By S. Nicole
To the comments…
Sometimes words from others build us up, mend us, or break us. It all depends on their weight and the old stories they stir inside us.
This week, one comment hit me hard — harder than I expected. It left me feeling raw, unsure, and low.
“Your thumbnails are depressing, and your topics don’t make me want to enter your world.”
Yeah. Trolls will troll — it’s their job, right? Sometimes I wonder if they get paid for being assholes.
Some will tell me, “Don’t let it get to you.” Others might even agree with the comment. But let’s be real — it does get to us. Saying otherwise is not weakness, it’s honesty.
We content creators hustle hard, and for someone unhoused, with no safety net, doing this grind is exhausting as hell. I’m always learning, pivoting, trying to crack the code of digital appeal — thumbnails, keywords, timing. It’s overwhelming.
And the constant question haunts me: Is this really for me? Or do I need help?
Spoiler alert: I’m broke, so hiring a digital marketing team isn’t an option.
Here’s the truth — I’m not your typical creator. That’s why I created the “anti-performative” content series.
Platforms like Instagram and YouTube? They want us to polish, curate, and self-pimp our pain for clicks. I’m not here for that.
So yeah, the comment stung. Maybe he’s right — my platform isn’t “clickable” by shallow algorithm standards. But that’s okay.

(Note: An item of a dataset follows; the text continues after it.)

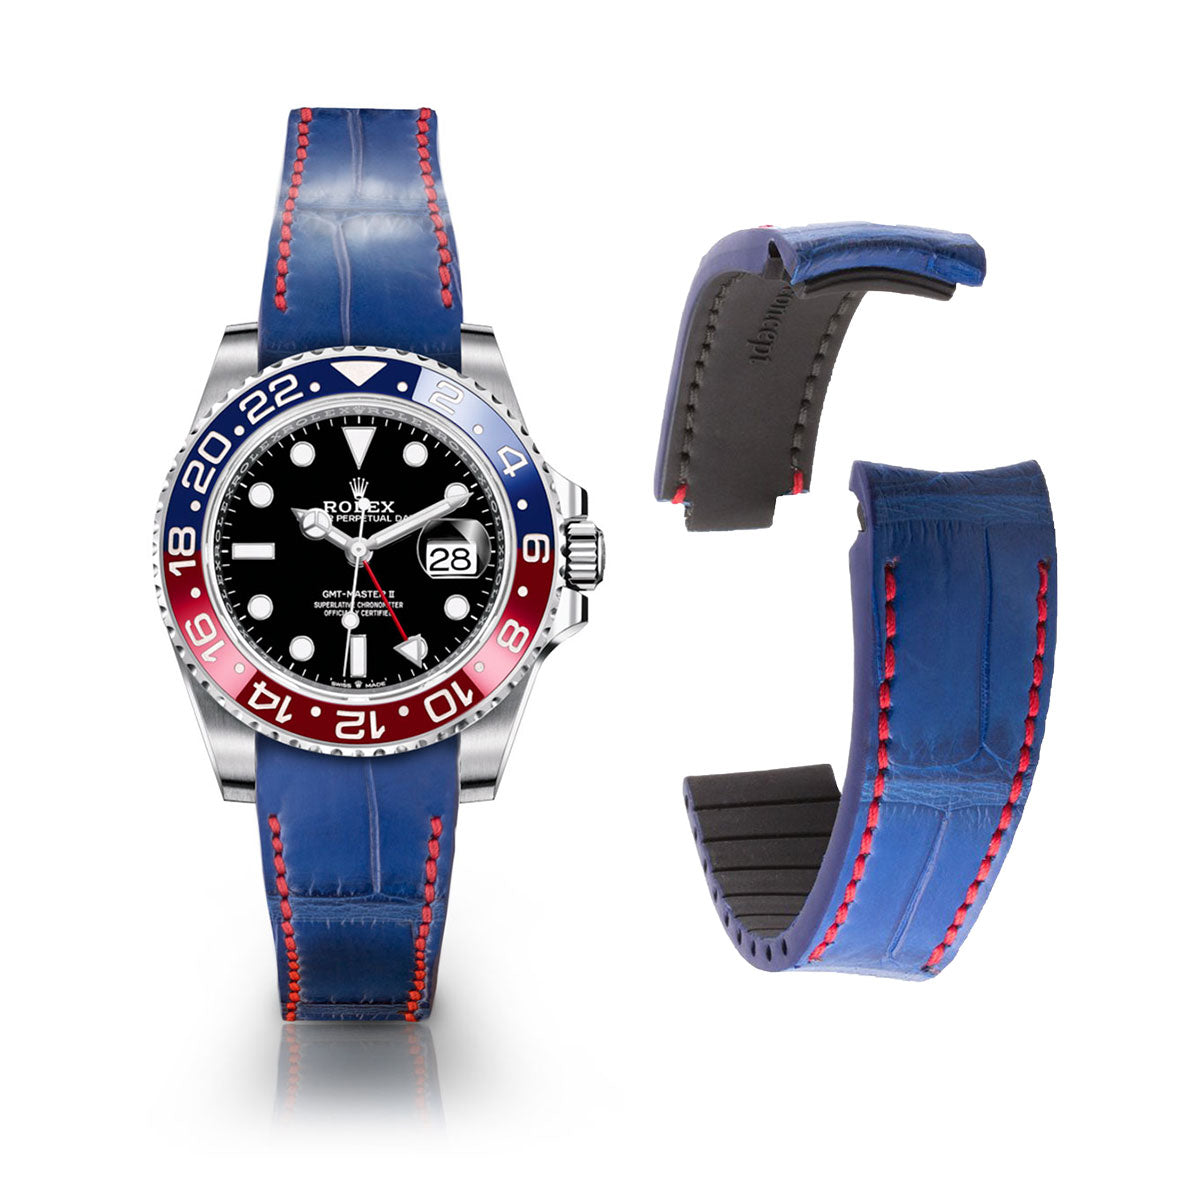 Rolex - R Strap leather " Special editions" - alligator Black brown, blue – ABP Concept
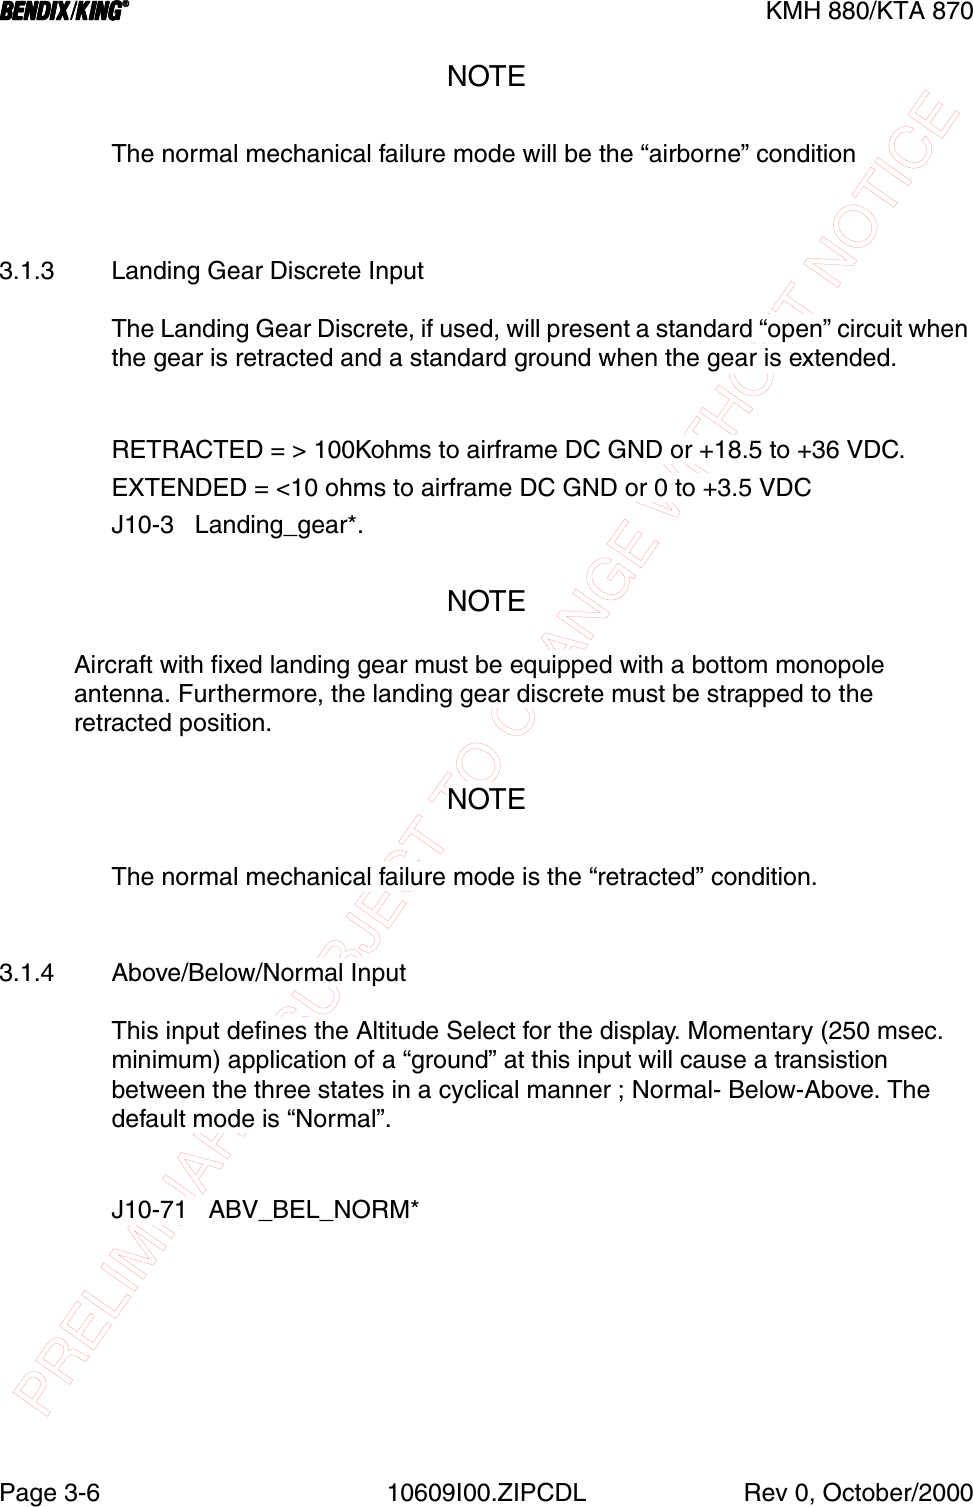 PRELIMINARY - SUBJECT TO CHANGE WITHOUT NOTICEBBBBKMH 880/KTA 870Page 3-6 10609I00.ZIPCDL Rev 0, October/2000NOTEThe normal mechanical failure mode will be the “airborne” condition3.1.3 Landing Gear Discrete InputThe Landing Gear Discrete, if used, will present a standard “open” circuit when the gear is retracted and a standard ground when the gear is extended.RETRACTED = &gt; 100Kohms to airframe DC GND or +18.5 to +36 VDC.EXTENDED = &lt;10 ohms to airframe DC GND or 0 to +3.5 VDCJ10-3   Landing_gear*.NOTEAircraft with fixed landing gear must be equipped with a bottom monopole antenna. Furthermore, the landing gear discrete must be strapped to the retracted position.NOTEThe normal mechanical failure mode is the “retracted” condition.3.1.4 Above/Below/Normal InputThis input defines the Altitude Select for the display. Momentary (250 msec. minimum) application of a “ground” at this input will cause a transistion between the three states in a cyclical manner ; Normal- Below-Above. The default mode is “Normal”.J10-71   ABV_BEL_NORM*

My content isn’t for the playground. It’s for those ready to face raw, gut-level realness — the stuff that makes people uncomfortable.
My seriousness is a threat to some people’s emotional bypass.
But just because it’s not flashy doesn’t mean it isn’t needed.
So here’s my question to you:
How do you really feel when you read comments like these — whether aimed at you or someone else?
Because this creator life? It’s a hell of a ride — especially when you’re building it from nothing.